[EXERCISE REQUIREMENTS]
Images within the entries are to be omitted; the remainder must be reproduced exactly.

[TASK INPUT]
◆ ◆ ◆ ◆ ◆

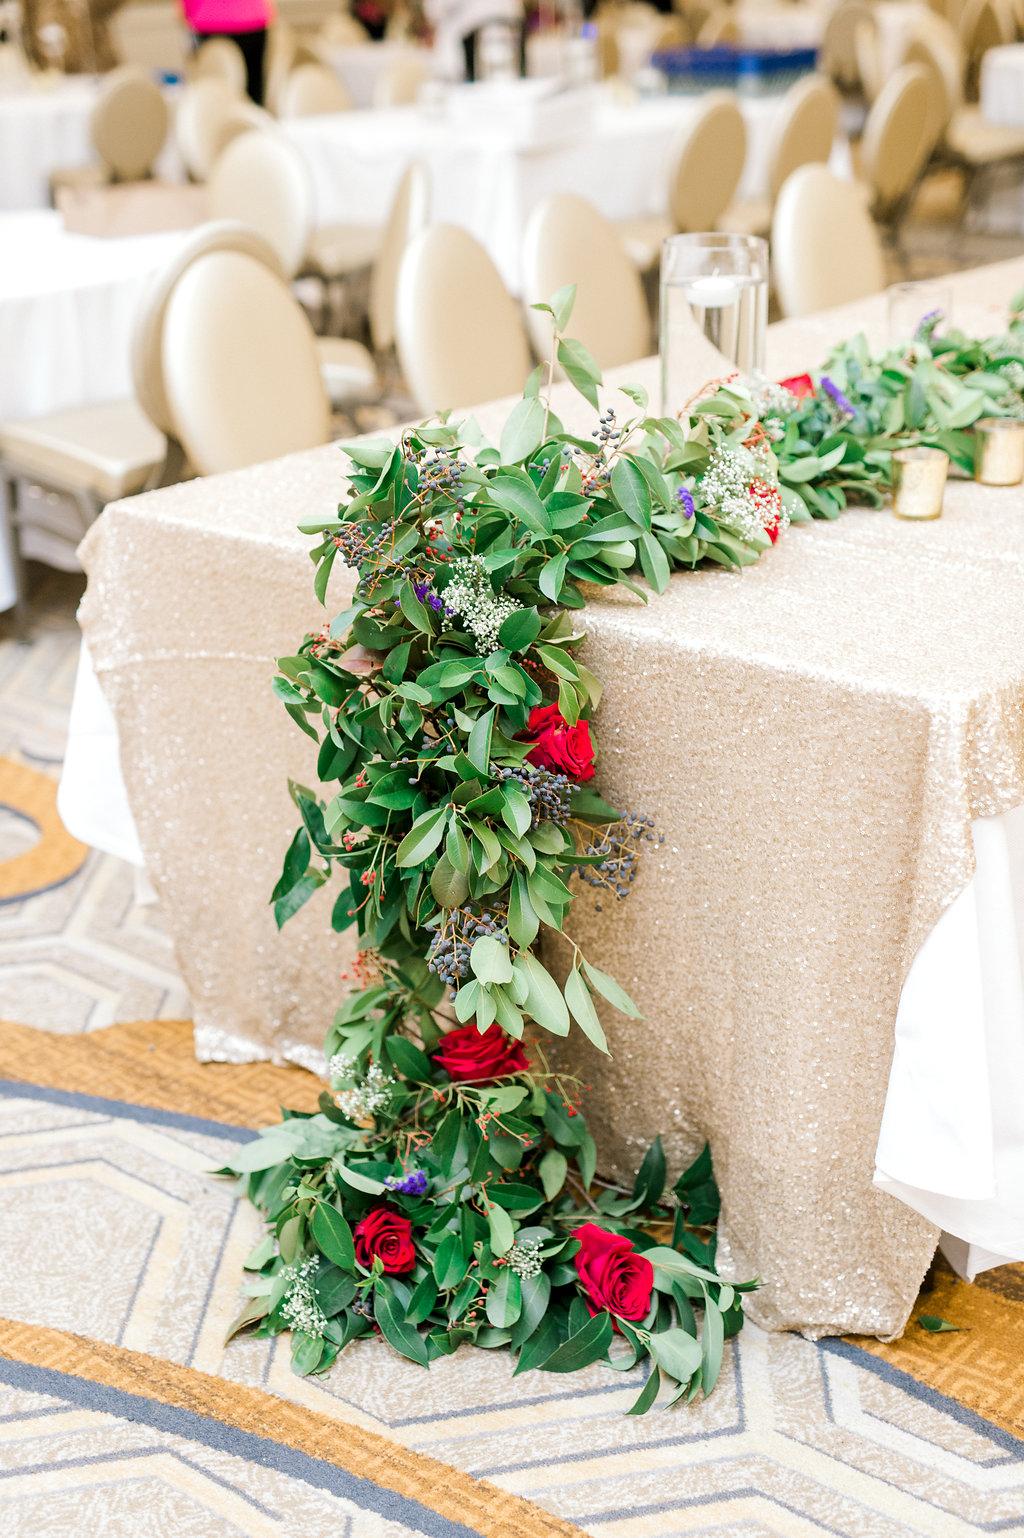 Wedding decor costs add up
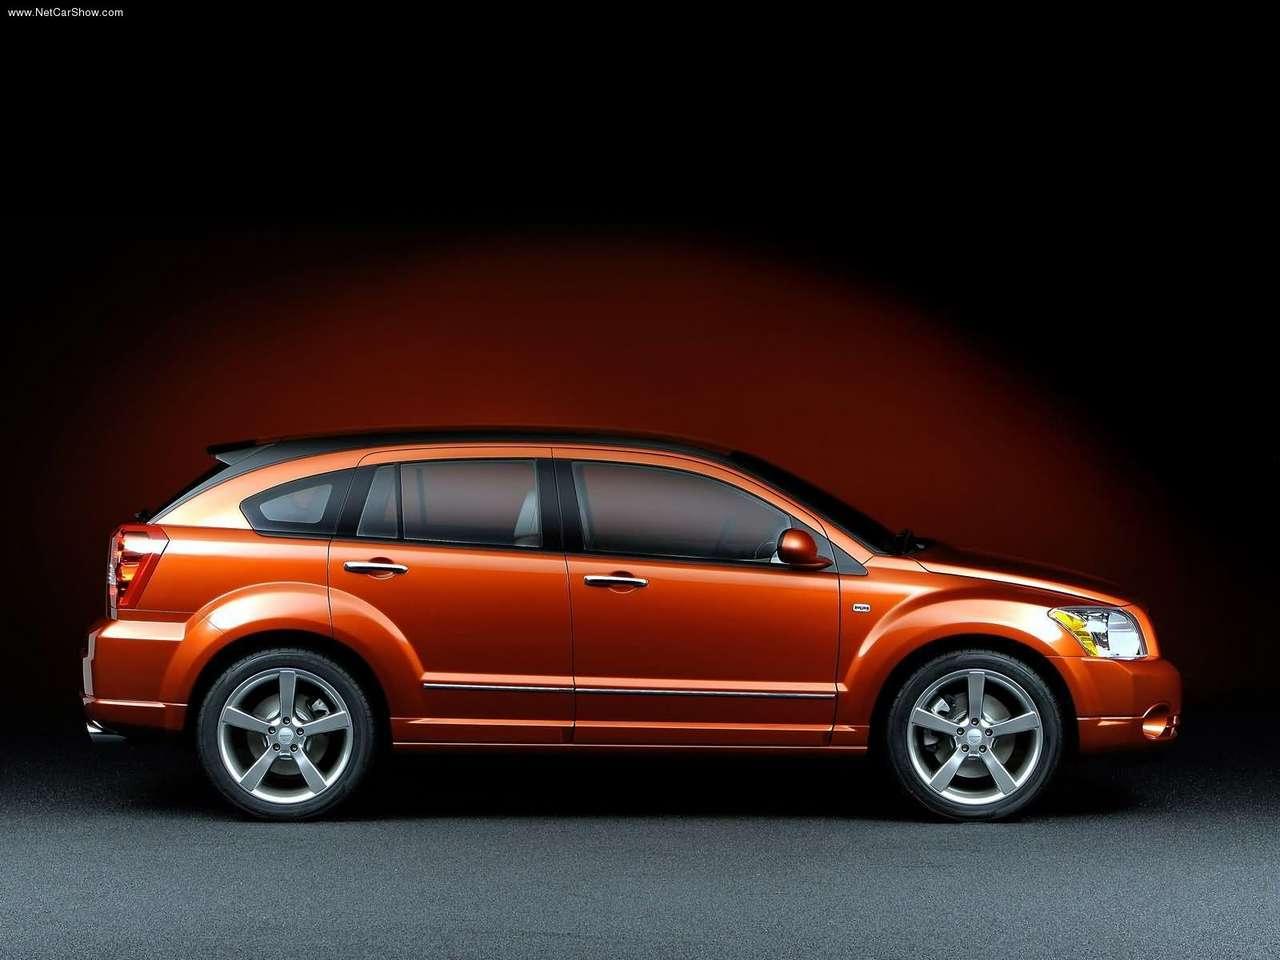 2005 Dodge Caliber Concept
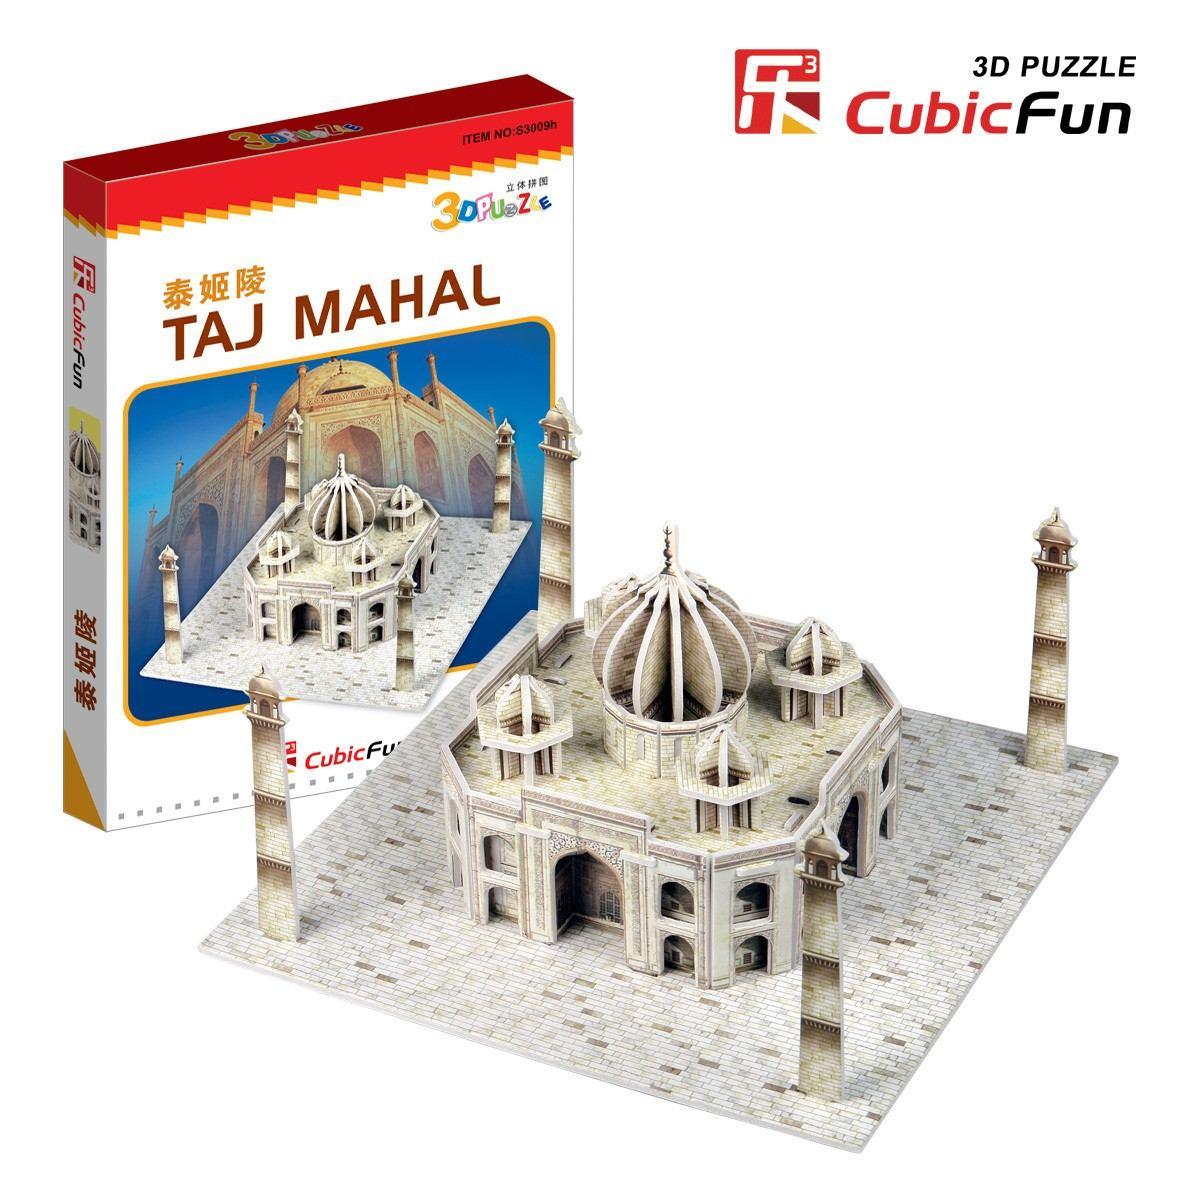 3D Mini Series Puzzle- India : Taj Mahal (Difficulty 2/8)
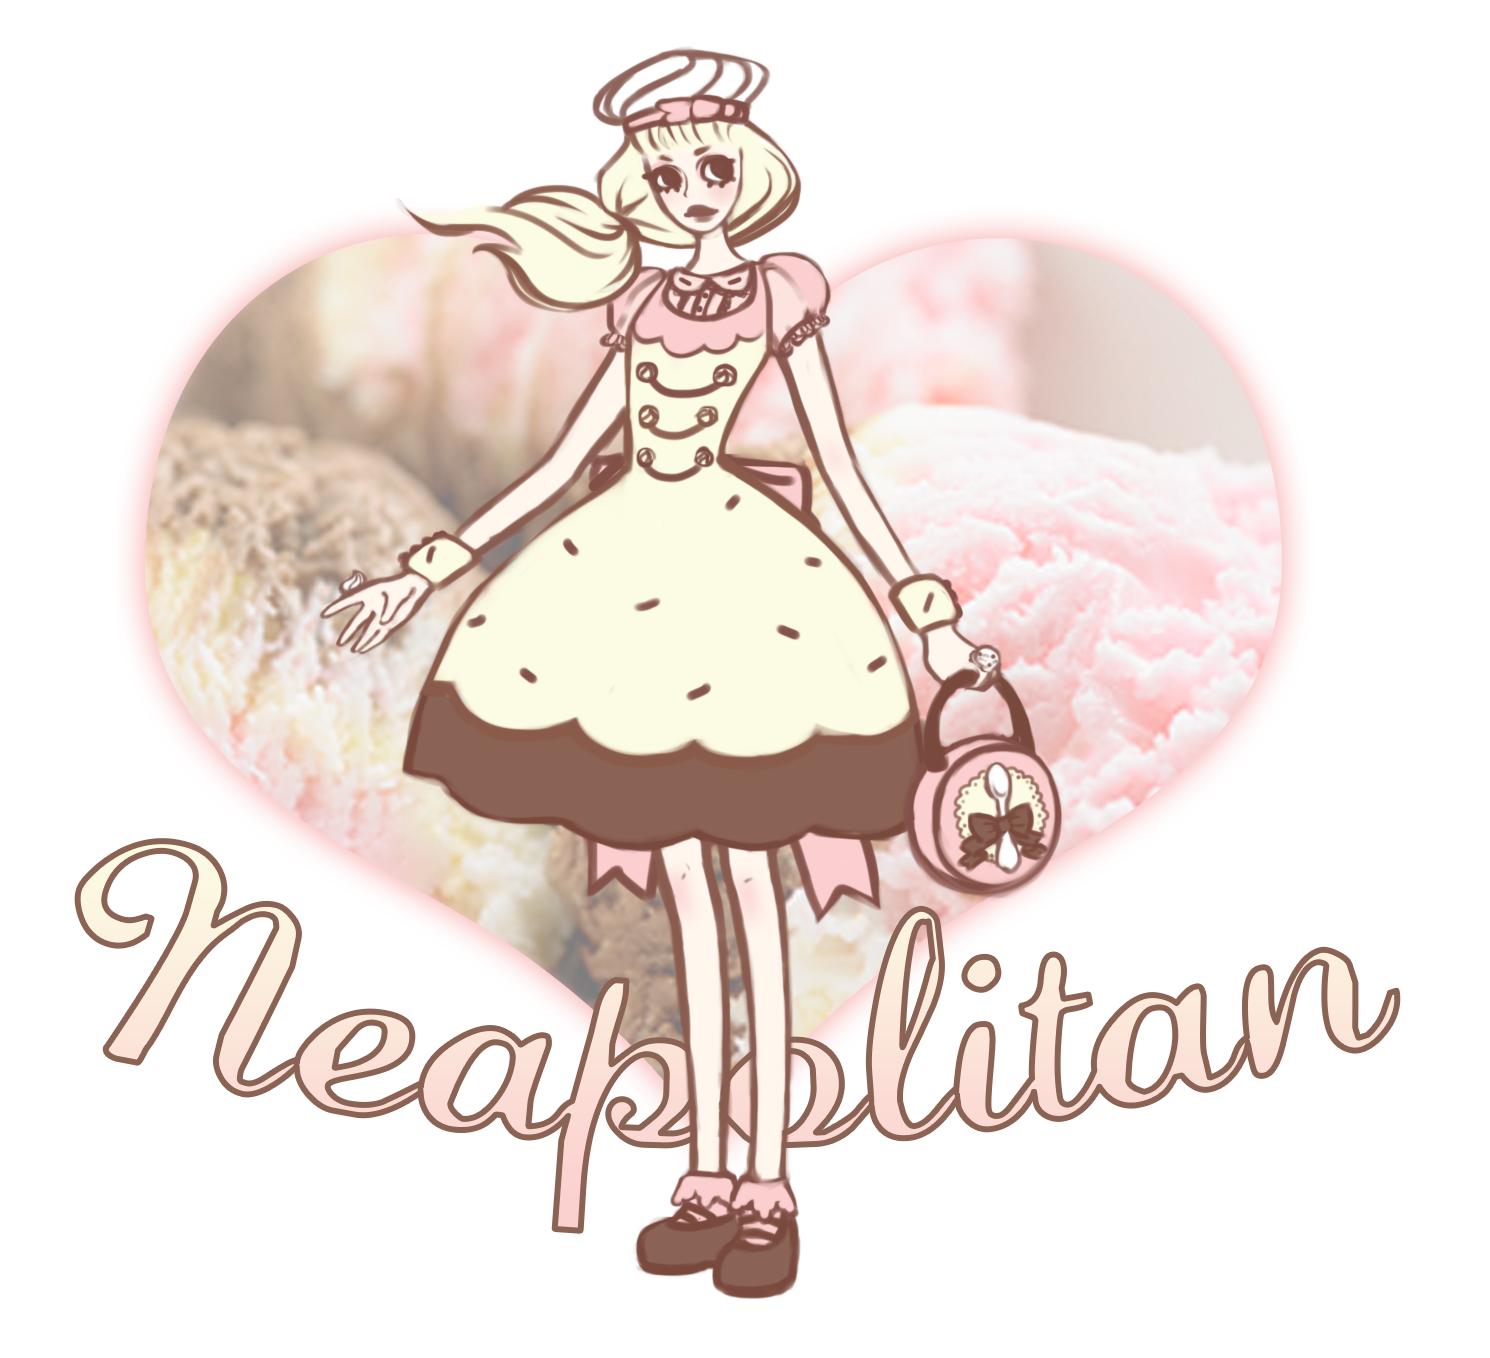 lolita, fashion, harajuku, classic, neapolitan, dessert, kawaii
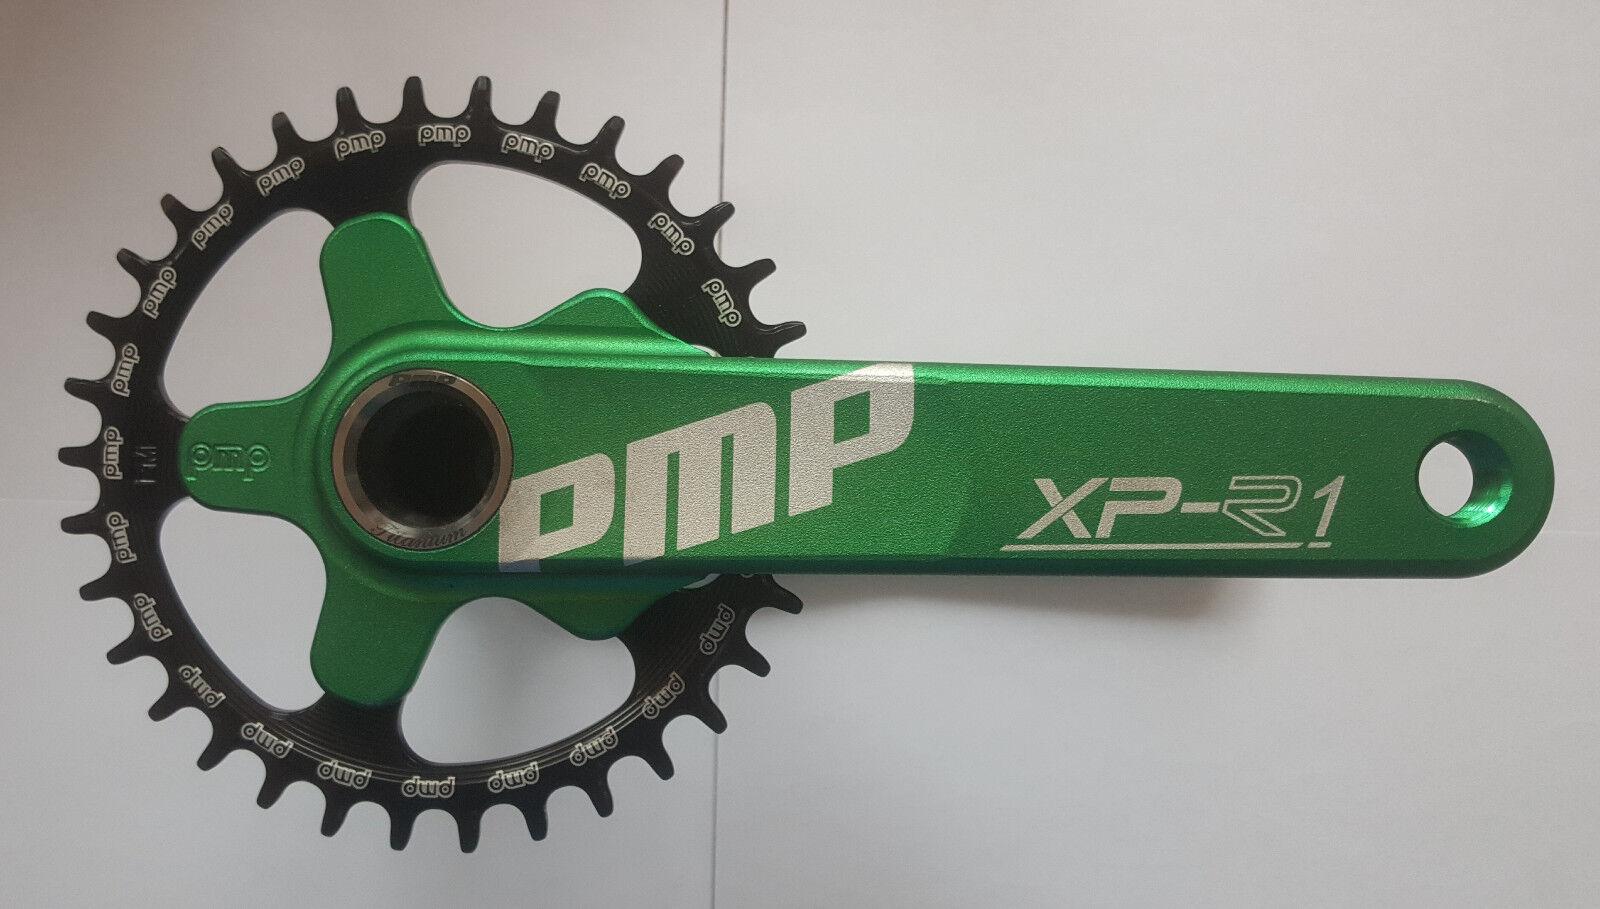 New PMP  XP-R1  Crankset MTB  172.5 mm. Made in Italia

◆ ◆ ◆ ◆ ◆

[ANSWER SECTION]
 Wedding decor costs add up
 2005 Dodge Caliber Concept
 3D Mini Series Puzzle- India : Taj Mahal (Difficulty 2/8)
 lolita, fashion, harajuku, classic, neapolitan, dessert, kawaii
 New PMP  XP-R1  Crankset MTB  172.5 mm. Made in Italia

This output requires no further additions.